= Information supplied =

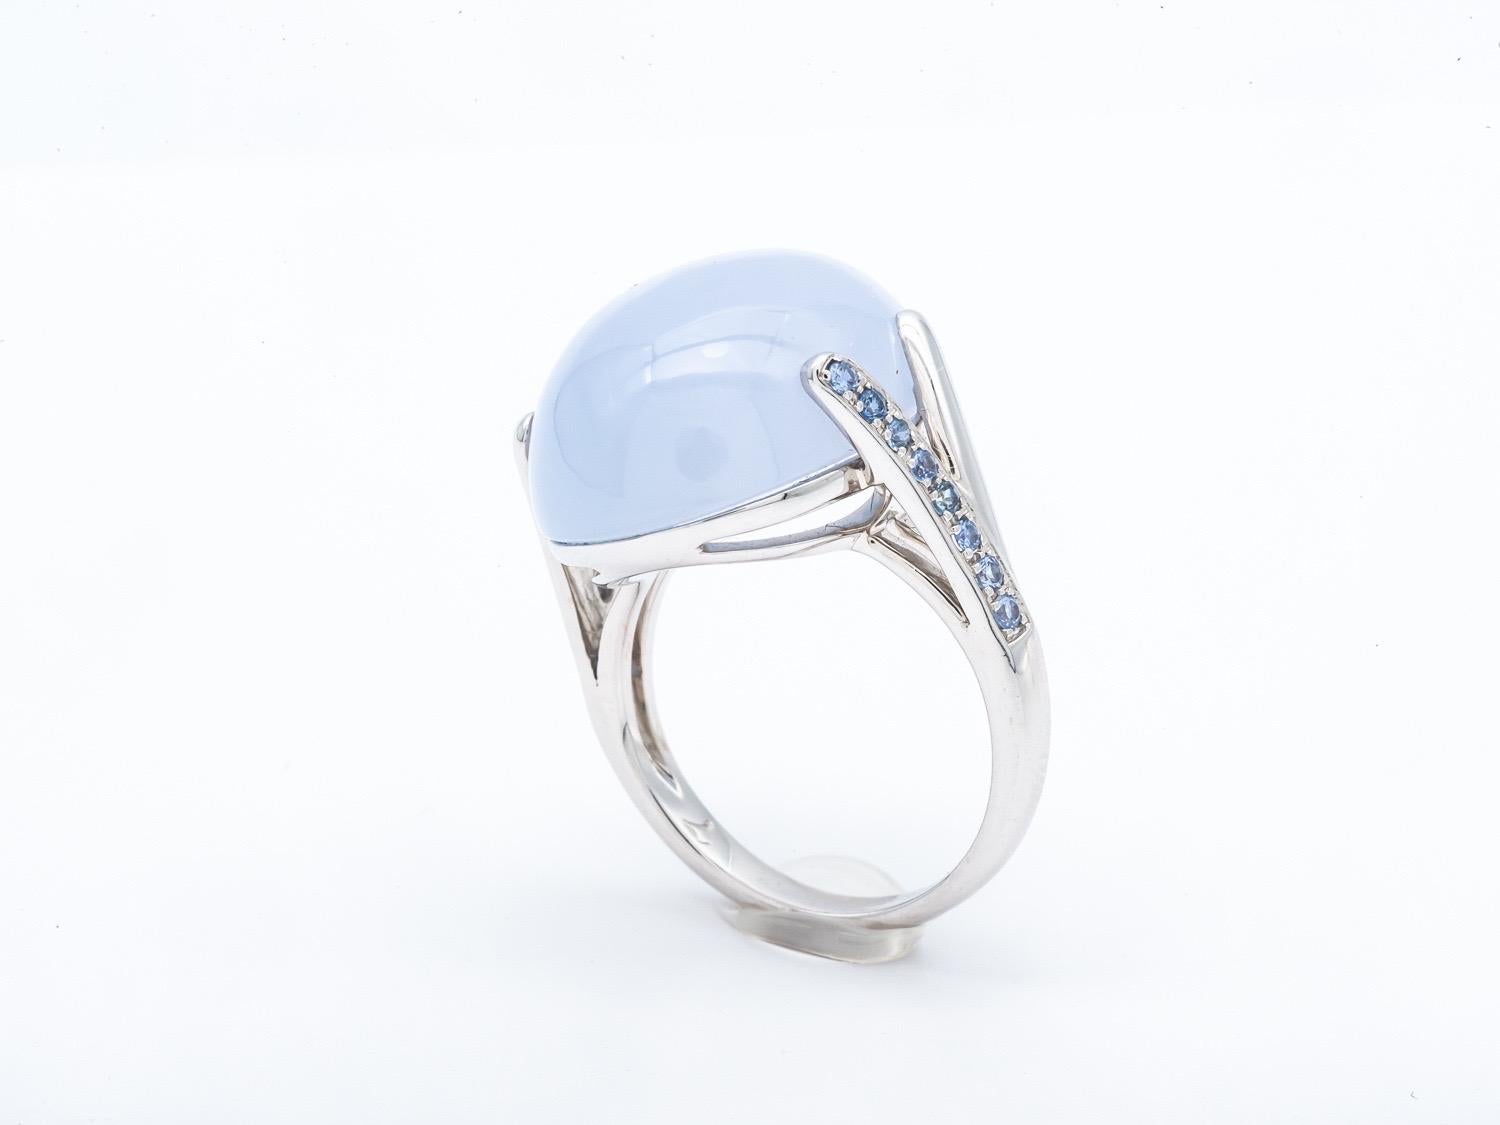 Discover the timeless elegance and charm of this Art Deco-style ring in 18-carat white gold, topped with a sumptuous chalcedony cabochon and adorned with sparkling blue sapphires. This ring is a true work of art, harmoniously blending the iconic
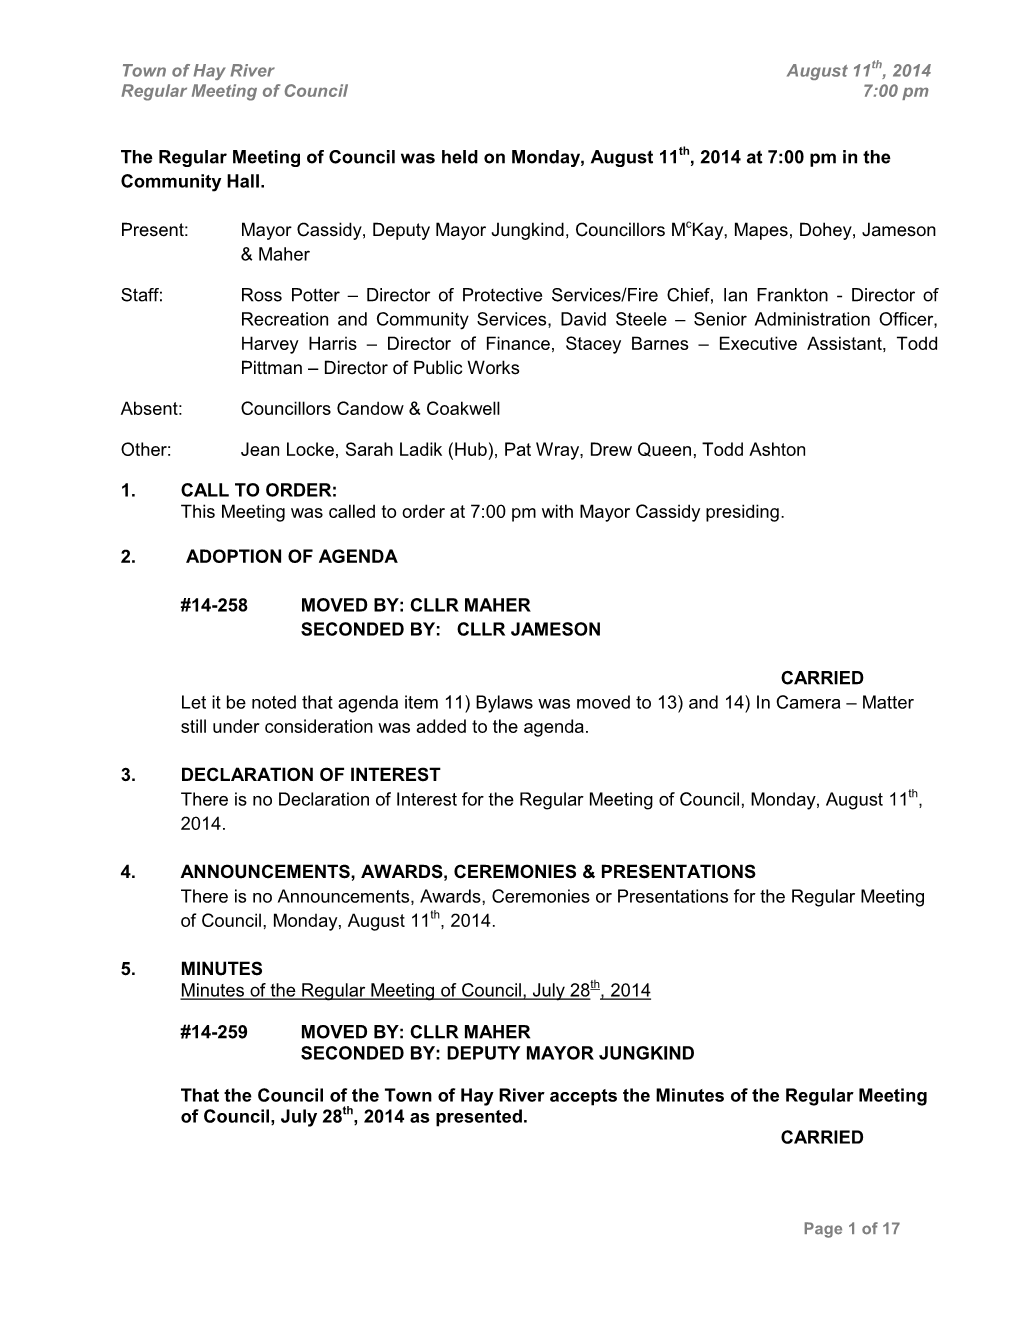 The Regular Meeting of Council Was Held on Monday, August 11Th, 2014 at 7:00 Pm in the Community Hall. Present: Mayor Cassidy, D
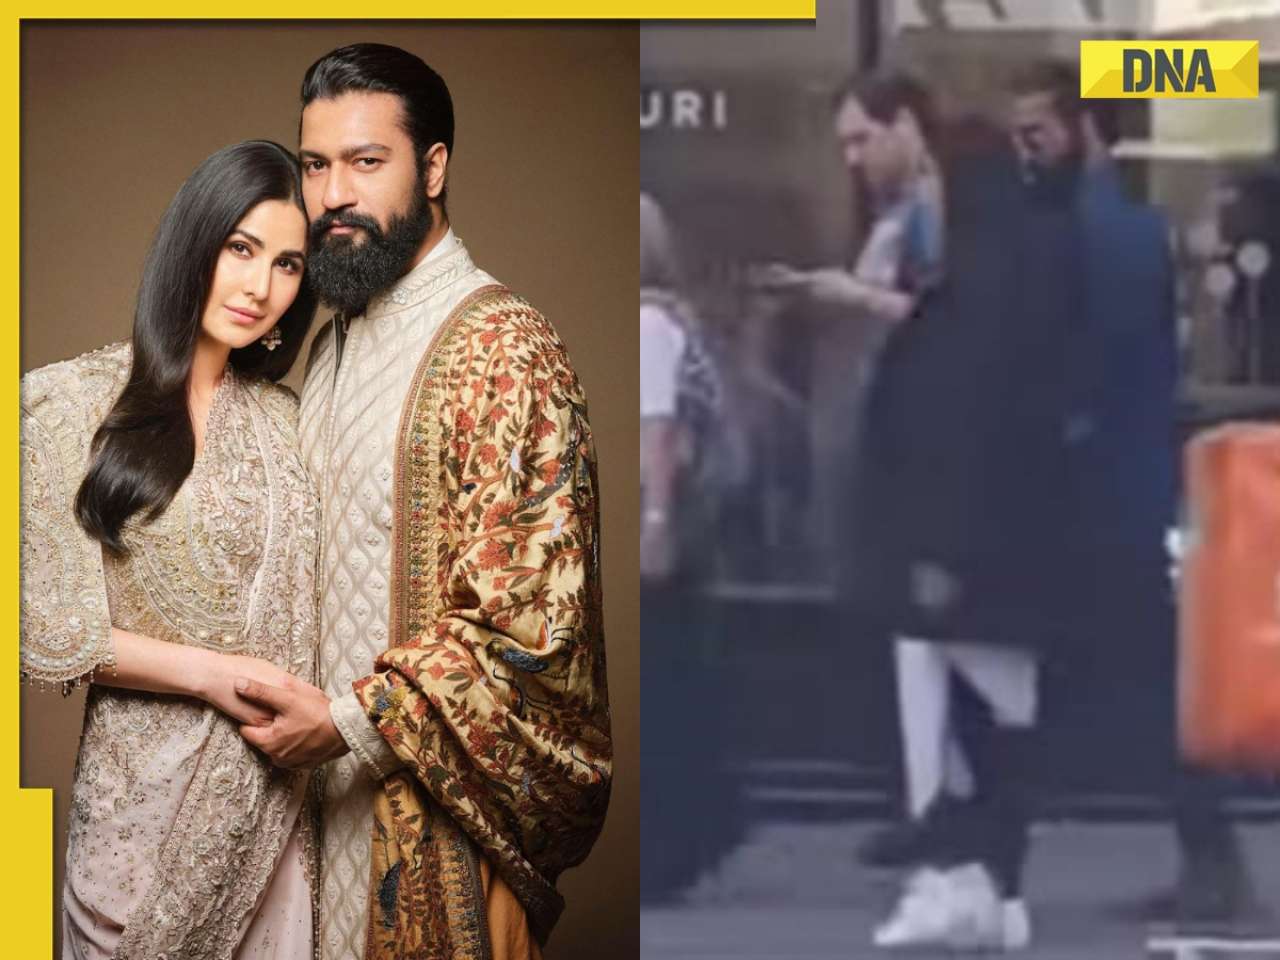 'Pregnant for sure': Katrina Kaif, Vicky Kaushal's viral video from London sparks pregnancy speculations

= Exercise description =
Pictures stay out; output the lines from the top of the listing above through the line containing "The Regular Meeting", exactly as they stand.

= Answer space =
 Discover the timeless elegance and charm of this Art Deco-style ring in 18-carat white gold, topped with a sumptuous chalcedony cabochon and adorned with sparkling blue sapphires. This ring is a true work of art, harmoniously blending the iconic
 The Regular Meeting of Council Was Held on Monday, August 11Th, 2014 at 7:00 Pm in the Community Hall. Present: Mayor Cassidy, D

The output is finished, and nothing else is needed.